Thailand's constitutional court has given Prime Minister Yingluck Shinawatra until May 2 to prepare her defense over abuse of power charges. The case comes amid continuing uncertainty over when to hold a new election to end the country's bitter political power struggle.
Yingluck faces possible dismissal from office in two verdicts expected within weeks by the constitutional court and the National Anti-Corruption Commission (NACC).
Wednesday, the Constitutional Court granted her leave to submit further evidence until May 2, as she faces abuse of power charges.
Prosecutors allege the prime minister illegally transferred former National Security Council chief Thawil Pliensri as part of a reorganization of senior security officials.

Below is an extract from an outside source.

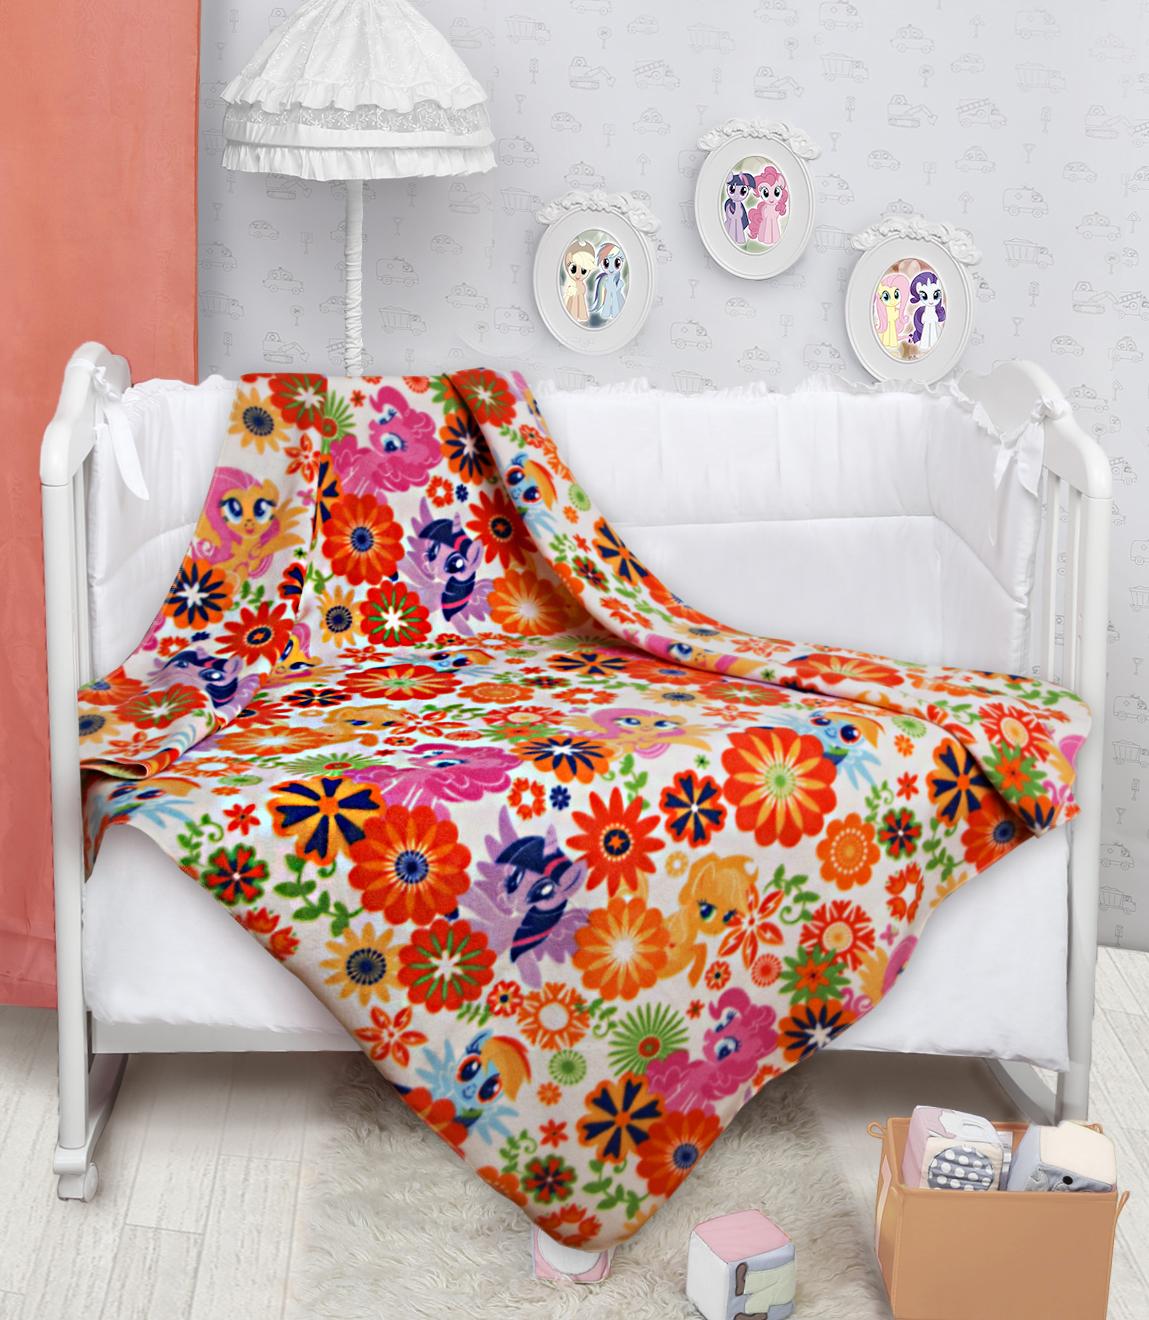 Детские покрывала, подушки, одеяла Mona Liza Детский плед Пони (150х200 см) mona liza mona liza плед флисовый тачки ралли 150х200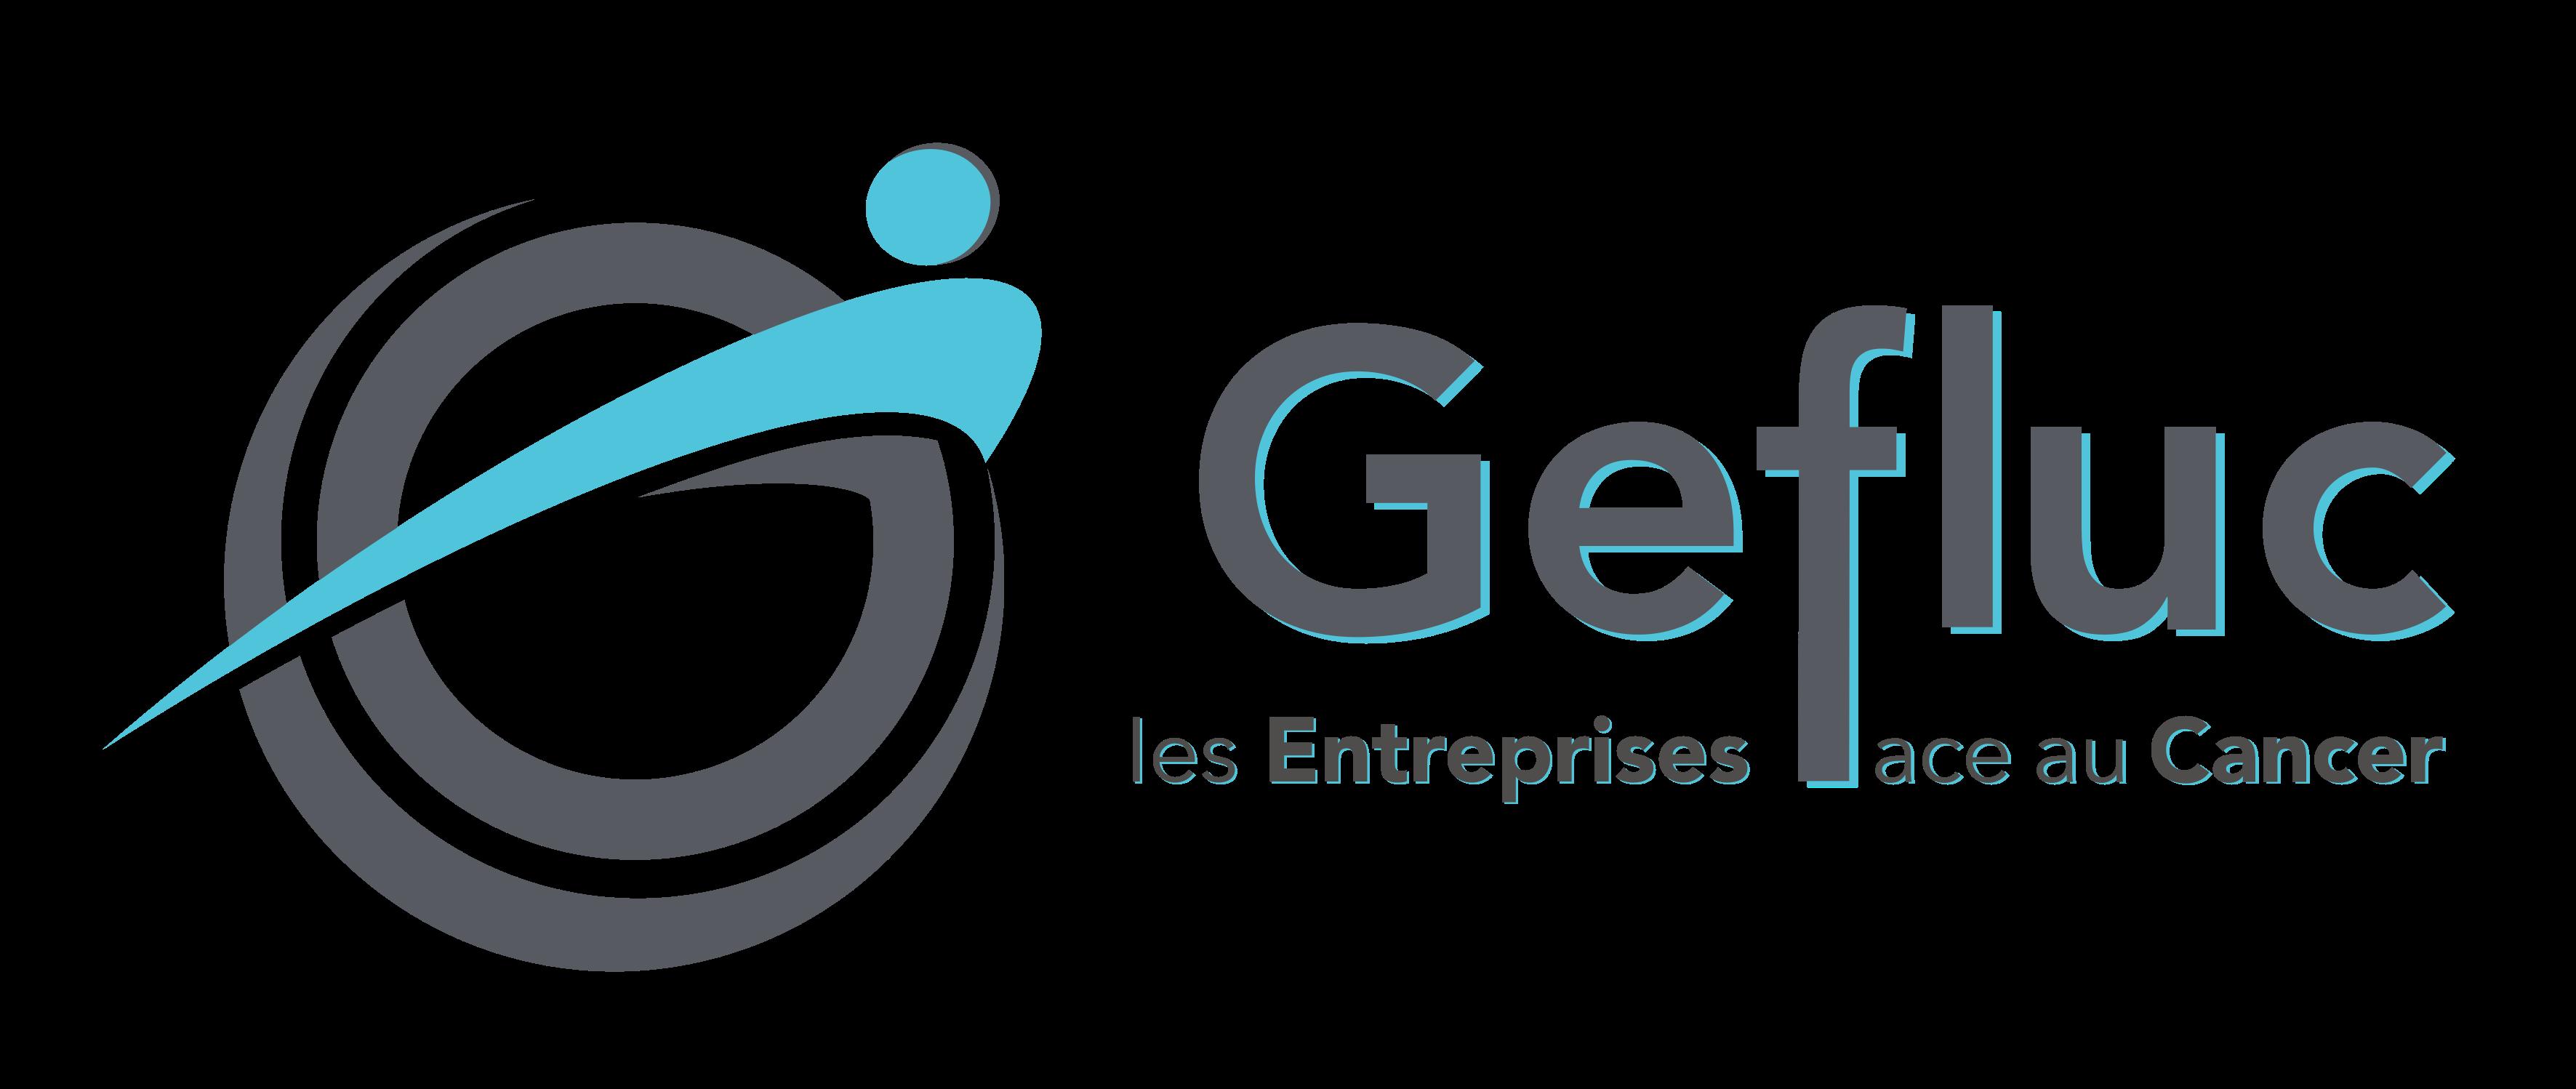 Gefluc Grenoble

An administrative court has already ruled against the government and ordered Thawil's reappointment.
A constitutional court verdict against Yingluck could require her to stand down as prime minister. The court may also order the Cabinet led by the governing Pheu Thai Party to be dissolved.
Yingluck also faces NACC charges of negligence in her role as chair of a national rice program committee.
Chulalongkorn University political scientist Panitan Wattanayagorn, a former government spokesman under the Democrat Party, says the prime minister is politically compromised.
"The tipping point of the situation is of course the verdict of the court this month or next regarding Khun Yingluck," he said. "But there are many more cases against her, so her leadership in political terms is over already. It is a matter of time. But the trouble is can [the governing] Pheu Thai [Party] find a new leadership without any election to continue their power? If they cannot the whole thing would collapse for them."
Anti-government protestors derailed national elections on February 2 by stopping registration of some candidates and some ballots. The constitutional court later annulled the vote.
Yingluck continues to preside over a caretaker administration, but it lacks the mandate to pass a national budget and has other constitutional curbs on its power.
This week the election commission held talks with up to 60 political parties in an effort to re-establish parliamentary democracy.
The current political crisis has led to more than 20 deaths and hundreds of injuries.
Mahidol University lecturer Gotham Areeya says there are fears of more clashes unless Thailand successfully moves ahead with new elections.
"We do not have much time now. I would pay more attention to the fact that yesterday seemingly the Election Commission may decide to decide to organize the general election within 60 to 90 days," Areeya said. "In that case the clock will start ticking again and the time for negotiation is becoming shorter if we don't do anything of that sort. So we may head for confrontation.”
Analysts say both sides have to negotiate to reconstitute parliament and government amid fears of the longer term economic impact from the economic and political uncertainty.